My traveling life has focused on the national parks. I took my first trip to Canyonlands knowing little about the place and nothing about Moab itself, and certainly with no idea that I would fall in love with it all. The hiking turned out to be fantastic, the Shafer trail a daring challenge to an overly-cautious guy who avoided risk, and the landscape beyond breathtaking. By now, I've done the White Rim Road and will do it again this October, when I'll also see Glen Canyon and The Maze. Just about every time I read I discover new things I want to try somewhere in Utah, and I wonder if I will have enough time in life to do all of them. I've also discovered the Black Hills in South Dakota and developed a fondness for Yellowstone, which I'll visit for the third time this year.

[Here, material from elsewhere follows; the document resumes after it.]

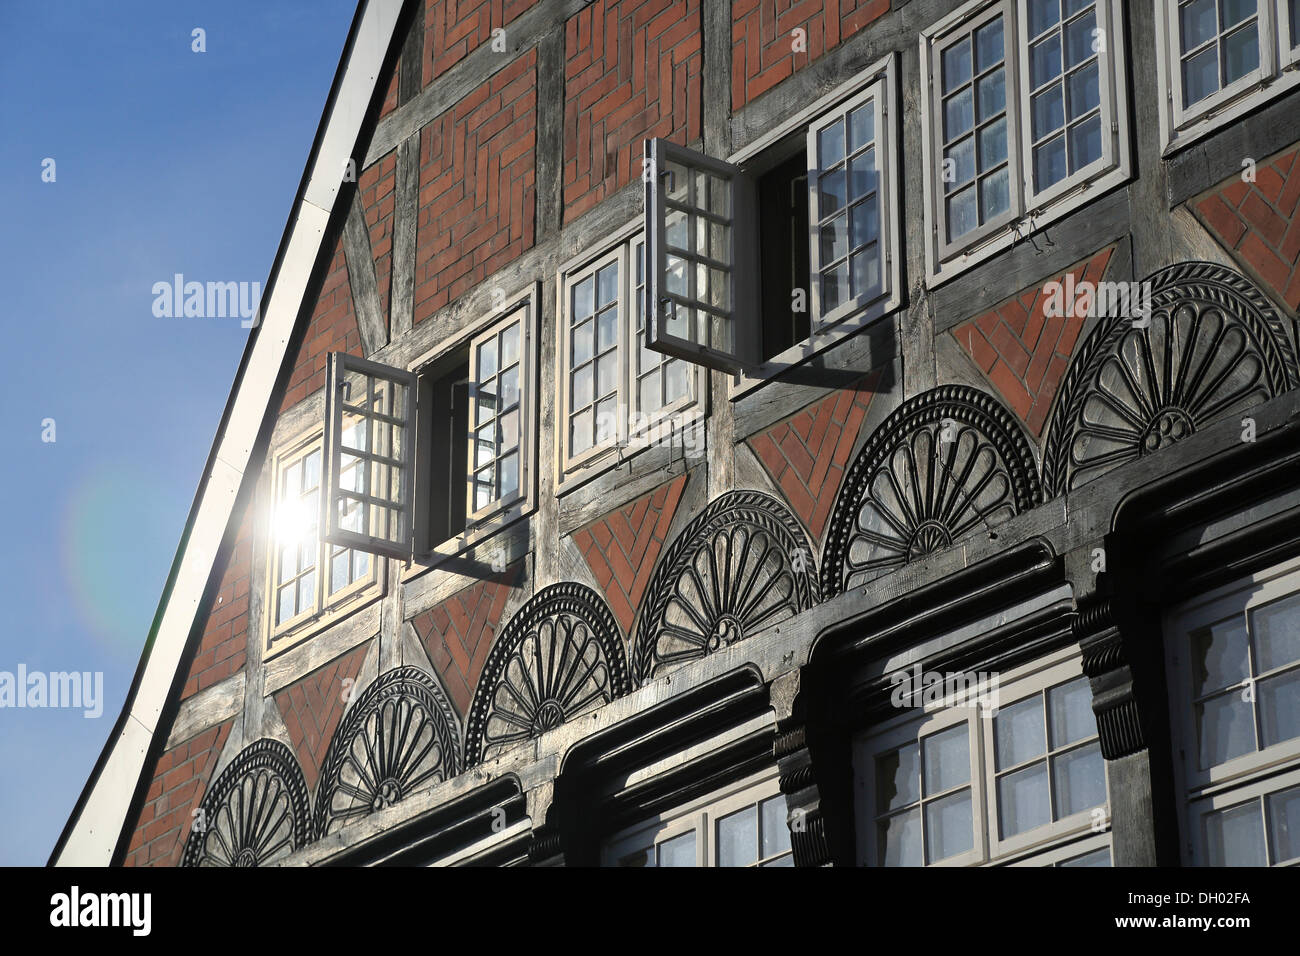 Fenster An Einem Fachwerkhaus Stockfotos und -bilder Kaufen - Alamy

Would I move to be closer to the outdoor adventures that fill my daydreaming hours? Sometimes I think about it and consider how feasible it would be to move, but in the end it is away from my family, and that takes precedence. I'm always full of envy when I read this site, and imagine that everyone else here has a wonderful life where every weekend they pack their gear into their Jeep Wrangler, grab their photo equipment, and head out to explore and relax in the back country with their ever-faithful dog, but I know that I have to content myself with my trips and making them the best that they can be.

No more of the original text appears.